# Given data
BEGIN

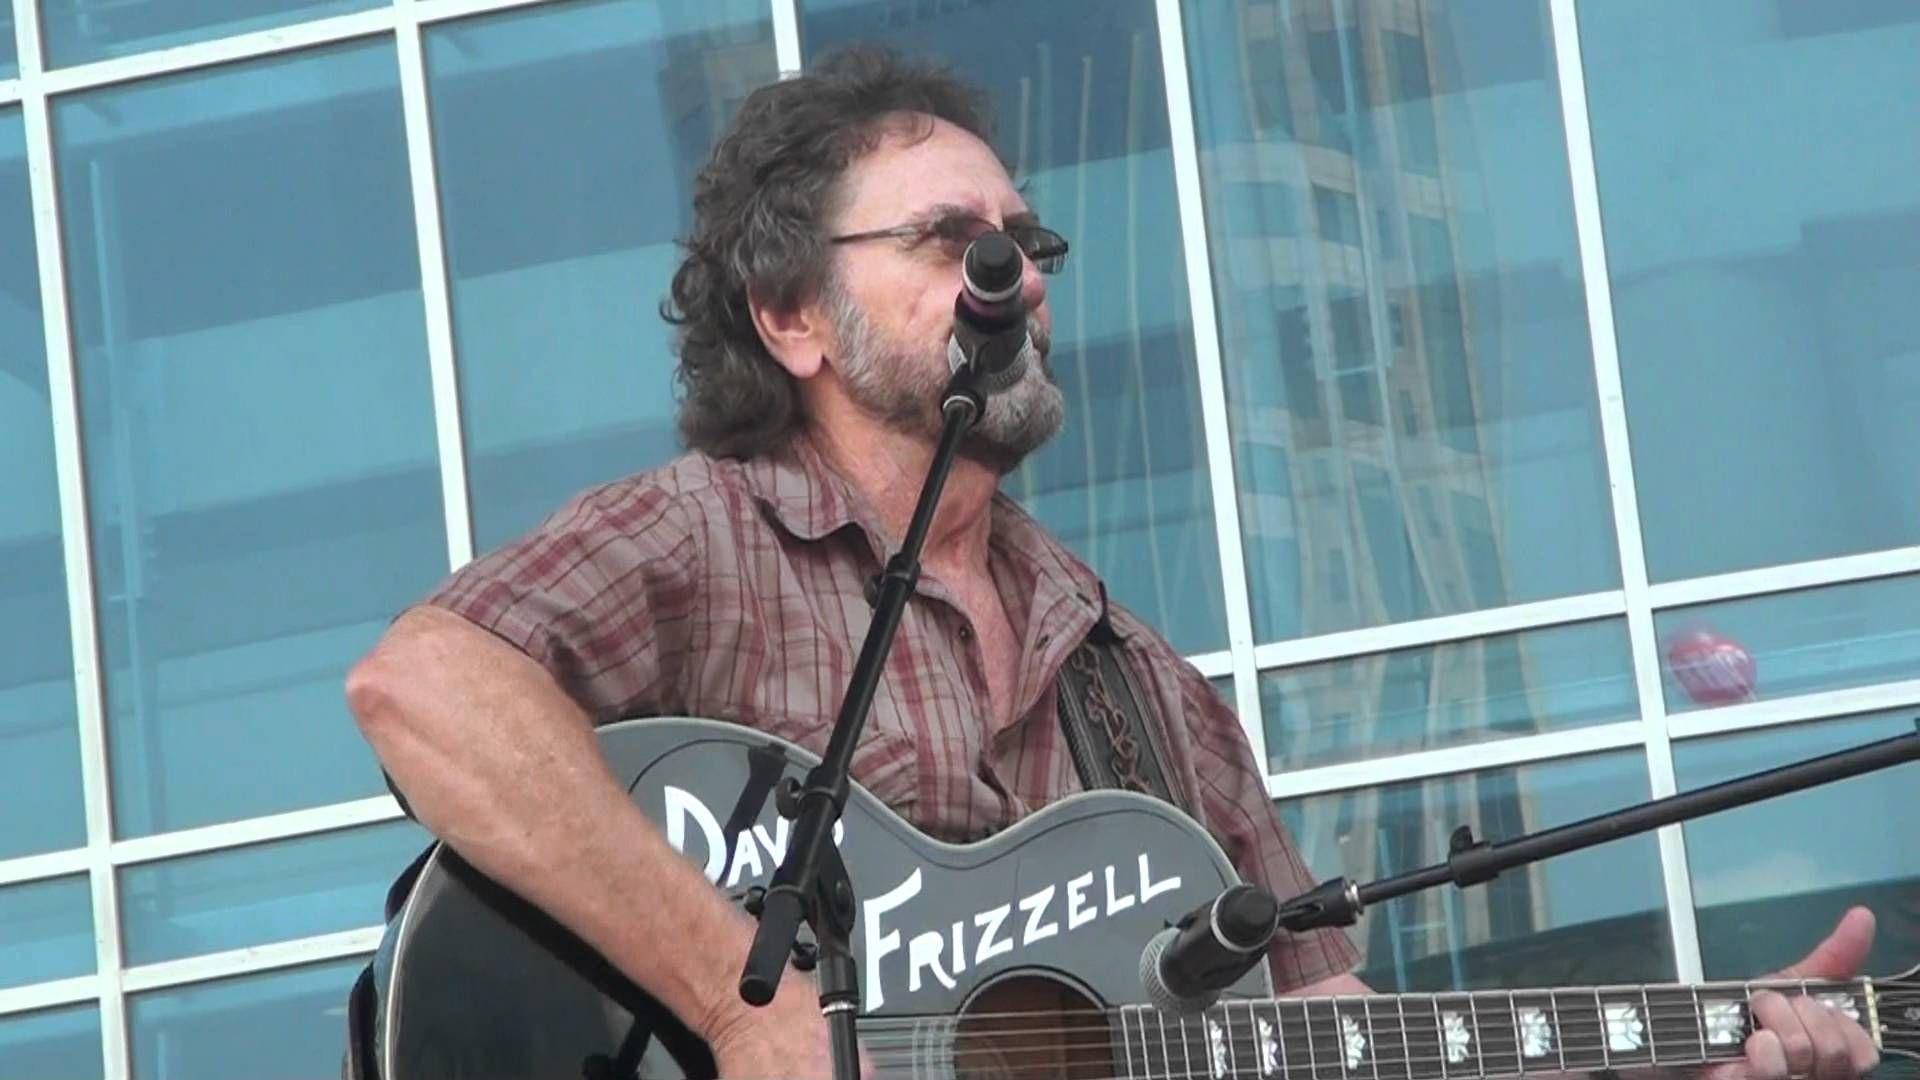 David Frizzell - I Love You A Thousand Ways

END
BEGIN

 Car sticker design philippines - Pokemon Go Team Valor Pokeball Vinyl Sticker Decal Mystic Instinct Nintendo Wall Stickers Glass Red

END
BEGIN

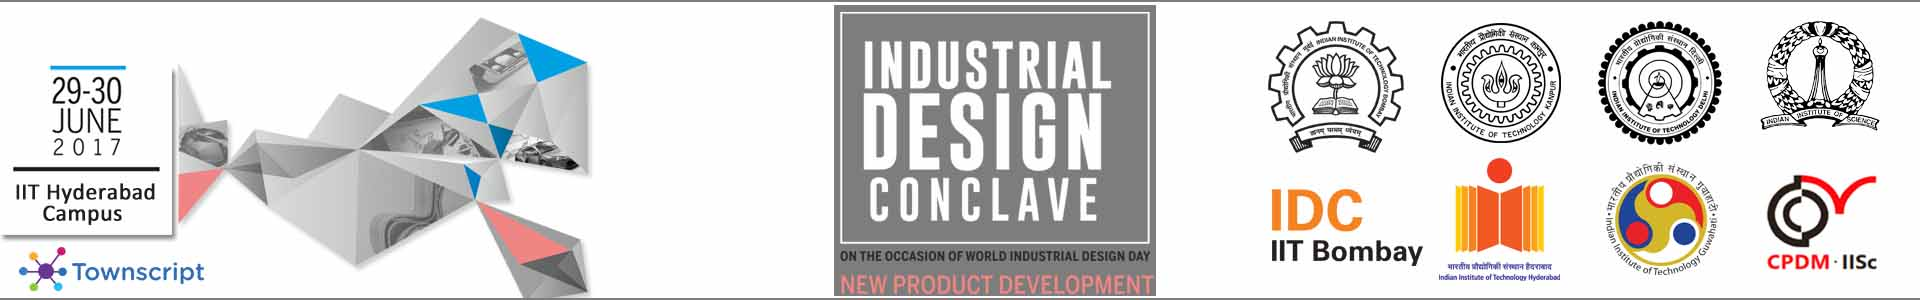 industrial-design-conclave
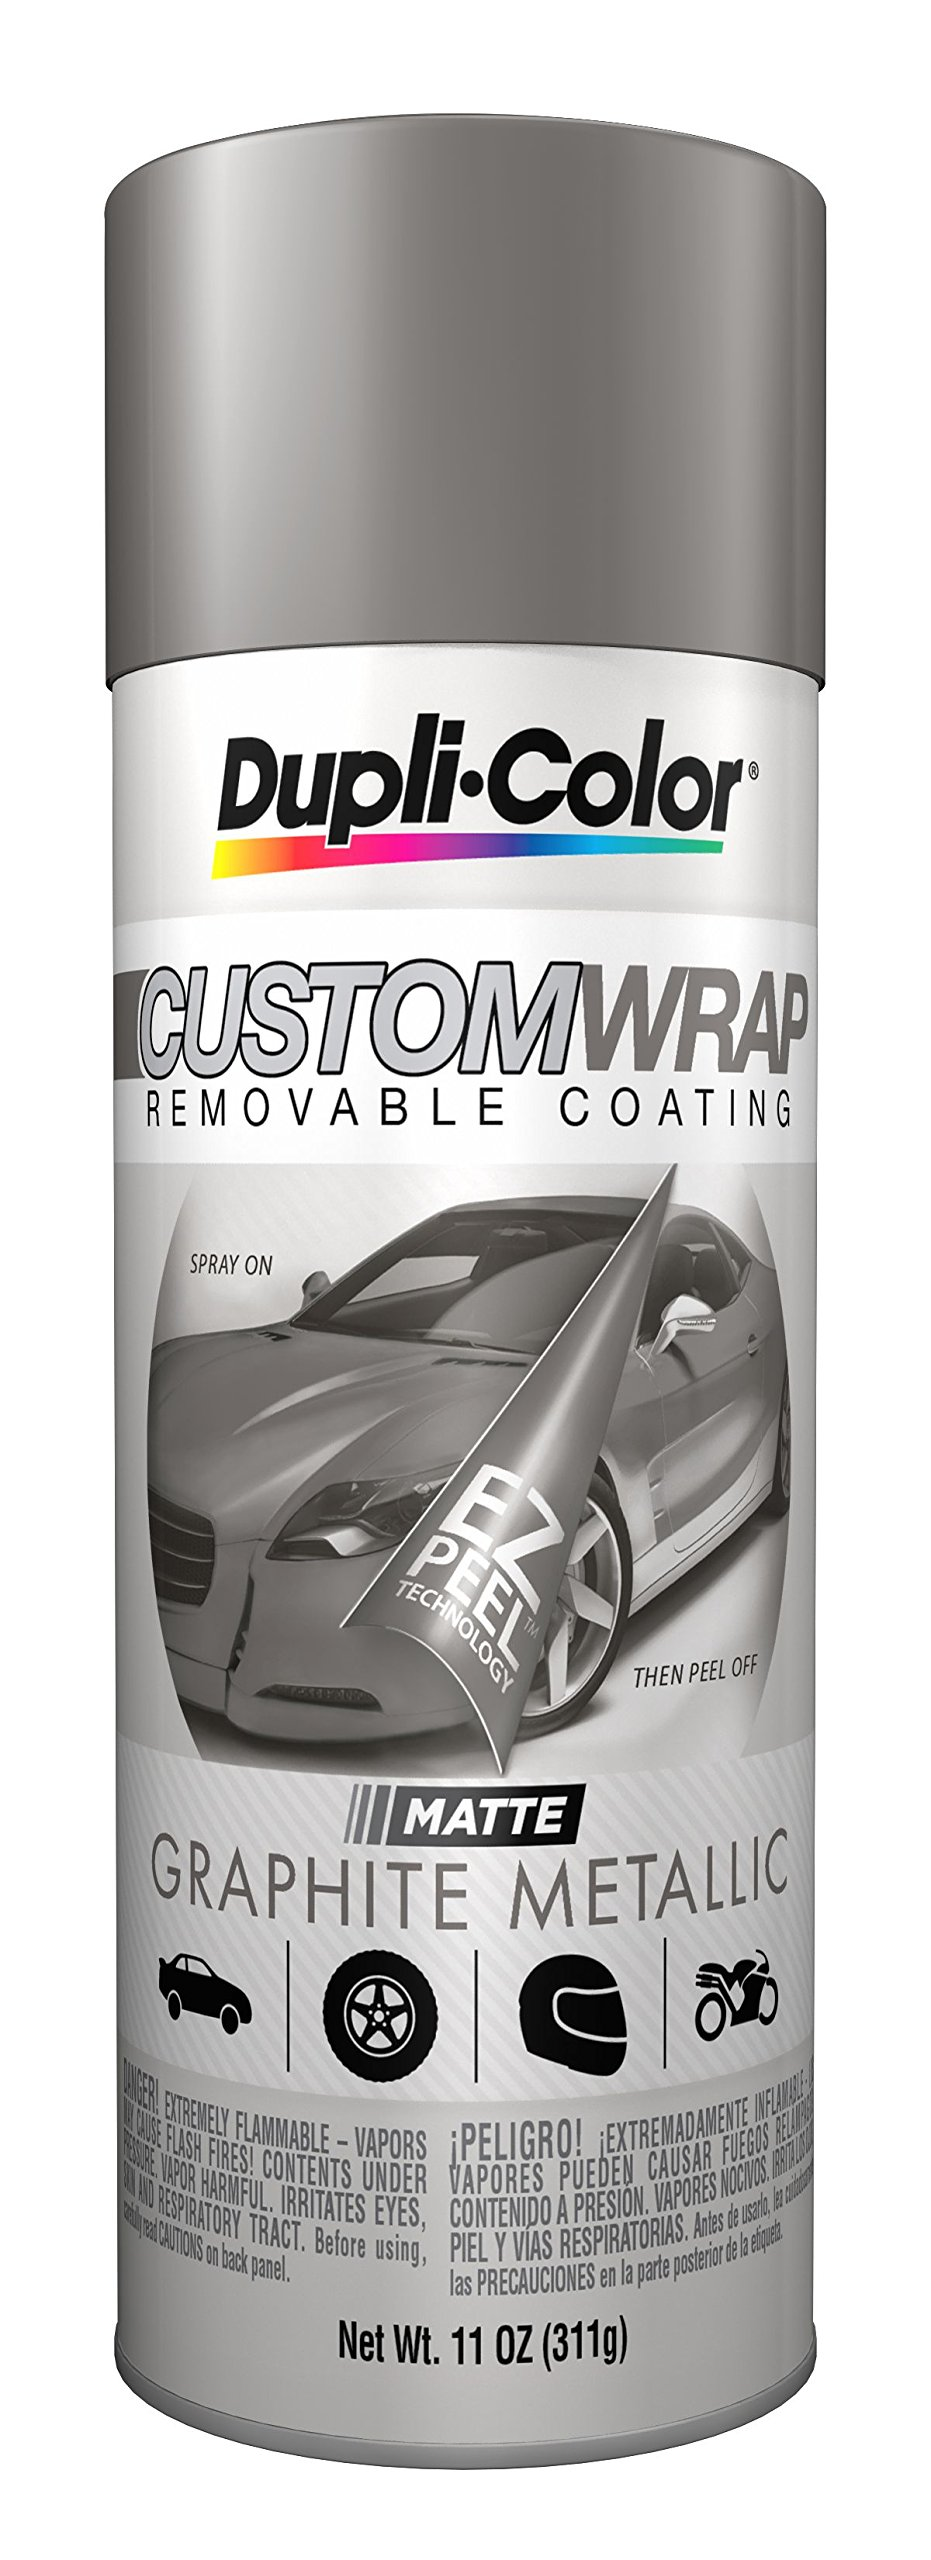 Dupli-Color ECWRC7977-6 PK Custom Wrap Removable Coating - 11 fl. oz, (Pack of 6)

END

# Work item
Please repeat the lines of the material above exactly, starting with the line that contains "industrial-design-conclave" and ending with the line that contains "Dupli-Color ECWRC7977-6 PK". Leave the pictures out.

# Solution to this task
 industrial-design-conclave
 Dupli-Color ECWRC7977-6 PK Custom Wrap Removable Coating - 11 fl. oz, (Pack of 6)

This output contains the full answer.